Supplied entries below:

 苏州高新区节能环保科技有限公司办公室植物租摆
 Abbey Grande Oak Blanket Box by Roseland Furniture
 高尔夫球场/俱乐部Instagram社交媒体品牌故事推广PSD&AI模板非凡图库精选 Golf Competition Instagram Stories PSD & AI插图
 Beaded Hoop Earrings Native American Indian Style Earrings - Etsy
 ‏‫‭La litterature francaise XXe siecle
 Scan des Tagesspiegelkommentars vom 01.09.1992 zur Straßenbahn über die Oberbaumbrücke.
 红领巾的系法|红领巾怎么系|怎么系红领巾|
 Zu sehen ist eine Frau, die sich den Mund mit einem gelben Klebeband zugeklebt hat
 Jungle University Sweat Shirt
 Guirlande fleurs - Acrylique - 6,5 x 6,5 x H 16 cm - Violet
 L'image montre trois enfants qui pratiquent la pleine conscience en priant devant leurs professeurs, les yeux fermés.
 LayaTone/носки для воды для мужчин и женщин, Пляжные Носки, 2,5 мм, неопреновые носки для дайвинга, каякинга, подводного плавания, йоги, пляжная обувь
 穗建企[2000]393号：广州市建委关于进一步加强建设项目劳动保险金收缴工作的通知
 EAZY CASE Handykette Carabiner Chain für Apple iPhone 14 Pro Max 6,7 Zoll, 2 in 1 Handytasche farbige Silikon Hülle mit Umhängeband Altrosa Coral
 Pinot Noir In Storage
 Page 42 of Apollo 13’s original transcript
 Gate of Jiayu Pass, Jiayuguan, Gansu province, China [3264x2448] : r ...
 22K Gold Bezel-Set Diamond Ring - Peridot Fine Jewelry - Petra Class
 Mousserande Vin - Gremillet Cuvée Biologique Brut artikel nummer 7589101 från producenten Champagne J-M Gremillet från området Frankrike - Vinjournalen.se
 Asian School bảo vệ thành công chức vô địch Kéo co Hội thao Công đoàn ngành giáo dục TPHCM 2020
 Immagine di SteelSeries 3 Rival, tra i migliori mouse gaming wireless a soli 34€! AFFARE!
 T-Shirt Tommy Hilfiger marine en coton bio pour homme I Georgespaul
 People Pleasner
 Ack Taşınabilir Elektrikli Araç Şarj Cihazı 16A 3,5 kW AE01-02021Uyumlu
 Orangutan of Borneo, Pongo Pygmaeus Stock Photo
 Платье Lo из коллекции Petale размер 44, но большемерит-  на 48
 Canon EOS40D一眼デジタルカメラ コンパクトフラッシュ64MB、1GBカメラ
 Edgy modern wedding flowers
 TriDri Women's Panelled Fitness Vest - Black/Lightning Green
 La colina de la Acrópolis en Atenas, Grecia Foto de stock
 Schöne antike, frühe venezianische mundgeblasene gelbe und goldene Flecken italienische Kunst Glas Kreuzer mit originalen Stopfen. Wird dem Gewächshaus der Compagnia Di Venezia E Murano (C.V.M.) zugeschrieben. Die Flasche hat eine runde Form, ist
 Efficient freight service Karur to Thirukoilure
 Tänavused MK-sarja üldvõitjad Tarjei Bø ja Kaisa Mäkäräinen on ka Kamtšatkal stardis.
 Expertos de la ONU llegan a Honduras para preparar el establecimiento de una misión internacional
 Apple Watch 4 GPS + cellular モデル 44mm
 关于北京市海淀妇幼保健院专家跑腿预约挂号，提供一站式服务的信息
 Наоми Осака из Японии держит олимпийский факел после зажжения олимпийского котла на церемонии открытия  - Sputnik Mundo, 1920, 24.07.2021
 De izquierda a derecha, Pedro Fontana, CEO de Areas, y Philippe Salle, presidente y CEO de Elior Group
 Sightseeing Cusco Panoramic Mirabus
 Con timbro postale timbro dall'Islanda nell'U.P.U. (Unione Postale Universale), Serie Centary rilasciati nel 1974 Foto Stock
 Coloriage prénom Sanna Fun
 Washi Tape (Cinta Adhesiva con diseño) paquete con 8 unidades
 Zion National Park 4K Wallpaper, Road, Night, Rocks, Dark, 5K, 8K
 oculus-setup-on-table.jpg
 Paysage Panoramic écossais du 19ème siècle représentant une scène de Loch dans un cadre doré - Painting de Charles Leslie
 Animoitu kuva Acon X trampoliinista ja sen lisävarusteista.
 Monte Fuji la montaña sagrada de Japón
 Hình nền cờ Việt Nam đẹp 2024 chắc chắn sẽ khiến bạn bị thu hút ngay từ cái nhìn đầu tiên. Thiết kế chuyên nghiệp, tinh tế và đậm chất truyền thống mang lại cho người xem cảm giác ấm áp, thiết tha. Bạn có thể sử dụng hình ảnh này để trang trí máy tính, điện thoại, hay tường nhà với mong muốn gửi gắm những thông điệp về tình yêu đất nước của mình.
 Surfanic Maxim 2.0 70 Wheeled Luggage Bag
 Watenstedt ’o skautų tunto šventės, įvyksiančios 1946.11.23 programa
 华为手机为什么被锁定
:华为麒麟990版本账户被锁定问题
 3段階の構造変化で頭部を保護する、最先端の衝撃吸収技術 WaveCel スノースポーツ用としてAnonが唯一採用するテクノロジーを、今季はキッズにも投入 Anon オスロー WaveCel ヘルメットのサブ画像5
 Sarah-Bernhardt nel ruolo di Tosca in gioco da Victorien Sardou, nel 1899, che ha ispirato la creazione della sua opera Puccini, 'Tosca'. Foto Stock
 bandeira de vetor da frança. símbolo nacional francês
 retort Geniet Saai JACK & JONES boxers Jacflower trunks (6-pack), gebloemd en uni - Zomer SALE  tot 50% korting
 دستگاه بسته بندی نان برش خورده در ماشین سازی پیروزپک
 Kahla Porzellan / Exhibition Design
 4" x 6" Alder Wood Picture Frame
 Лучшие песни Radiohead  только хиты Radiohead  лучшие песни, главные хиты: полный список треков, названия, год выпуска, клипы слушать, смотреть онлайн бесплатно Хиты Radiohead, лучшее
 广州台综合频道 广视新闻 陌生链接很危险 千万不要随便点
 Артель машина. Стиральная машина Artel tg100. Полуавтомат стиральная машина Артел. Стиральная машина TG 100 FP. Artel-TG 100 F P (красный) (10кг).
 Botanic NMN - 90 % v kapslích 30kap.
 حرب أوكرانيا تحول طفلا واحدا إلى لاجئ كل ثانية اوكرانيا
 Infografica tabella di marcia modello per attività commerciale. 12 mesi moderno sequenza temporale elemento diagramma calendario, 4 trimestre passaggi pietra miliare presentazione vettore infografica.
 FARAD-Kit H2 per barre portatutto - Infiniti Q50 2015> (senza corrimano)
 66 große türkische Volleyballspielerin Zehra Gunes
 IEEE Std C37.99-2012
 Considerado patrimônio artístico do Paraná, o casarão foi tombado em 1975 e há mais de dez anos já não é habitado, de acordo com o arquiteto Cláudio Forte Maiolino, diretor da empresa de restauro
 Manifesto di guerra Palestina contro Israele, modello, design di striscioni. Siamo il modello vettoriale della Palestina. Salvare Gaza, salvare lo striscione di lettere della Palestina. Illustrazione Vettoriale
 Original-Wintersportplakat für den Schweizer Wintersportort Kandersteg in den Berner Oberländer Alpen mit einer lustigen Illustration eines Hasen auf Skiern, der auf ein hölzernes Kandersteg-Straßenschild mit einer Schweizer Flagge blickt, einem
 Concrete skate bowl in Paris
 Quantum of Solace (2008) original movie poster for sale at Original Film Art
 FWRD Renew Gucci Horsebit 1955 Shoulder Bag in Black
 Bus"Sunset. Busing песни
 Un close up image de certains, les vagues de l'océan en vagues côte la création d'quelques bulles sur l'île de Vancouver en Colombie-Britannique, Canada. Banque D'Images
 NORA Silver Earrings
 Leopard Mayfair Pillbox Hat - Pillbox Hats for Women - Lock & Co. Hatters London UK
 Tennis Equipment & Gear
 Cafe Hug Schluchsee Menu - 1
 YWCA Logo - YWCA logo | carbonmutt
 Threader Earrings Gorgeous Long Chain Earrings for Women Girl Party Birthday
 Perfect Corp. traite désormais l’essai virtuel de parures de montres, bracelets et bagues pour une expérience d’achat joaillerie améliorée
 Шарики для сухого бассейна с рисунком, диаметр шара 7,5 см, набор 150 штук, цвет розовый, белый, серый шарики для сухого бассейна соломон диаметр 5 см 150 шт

End of Supplied entries.

# Work required
Retype the portion of the data above that starts on the line with "Asian School bảo" and finishes on the line with "Edgy modern wedding flowers", including both of those lines.

# Written response
 Asian School bảo vệ thành công chức vô địch Kéo co Hội thao Công đoàn ngành giáo dục TPHCM 2020
 Immagine di SteelSeries 3 Rival, tra i migliori mouse gaming wireless a soli 34€! AFFARE!
 T-Shirt Tommy Hilfiger marine en coton bio pour homme I Georgespaul
 People Pleasner
 Ack Taşınabilir Elektrikli Araç Şarj Cihazı 16A 3,5 kW AE01-02021Uyumlu
 Orangutan of Borneo, Pongo Pygmaeus Stock Photo
 Платье Lo из коллекции Petale размер 44, но большемерит-  на 48
 Canon EOS40D一眼デジタルカメラ コンパクトフラッシュ64MB、1GBカメラ
 Edgy modern wedding flowers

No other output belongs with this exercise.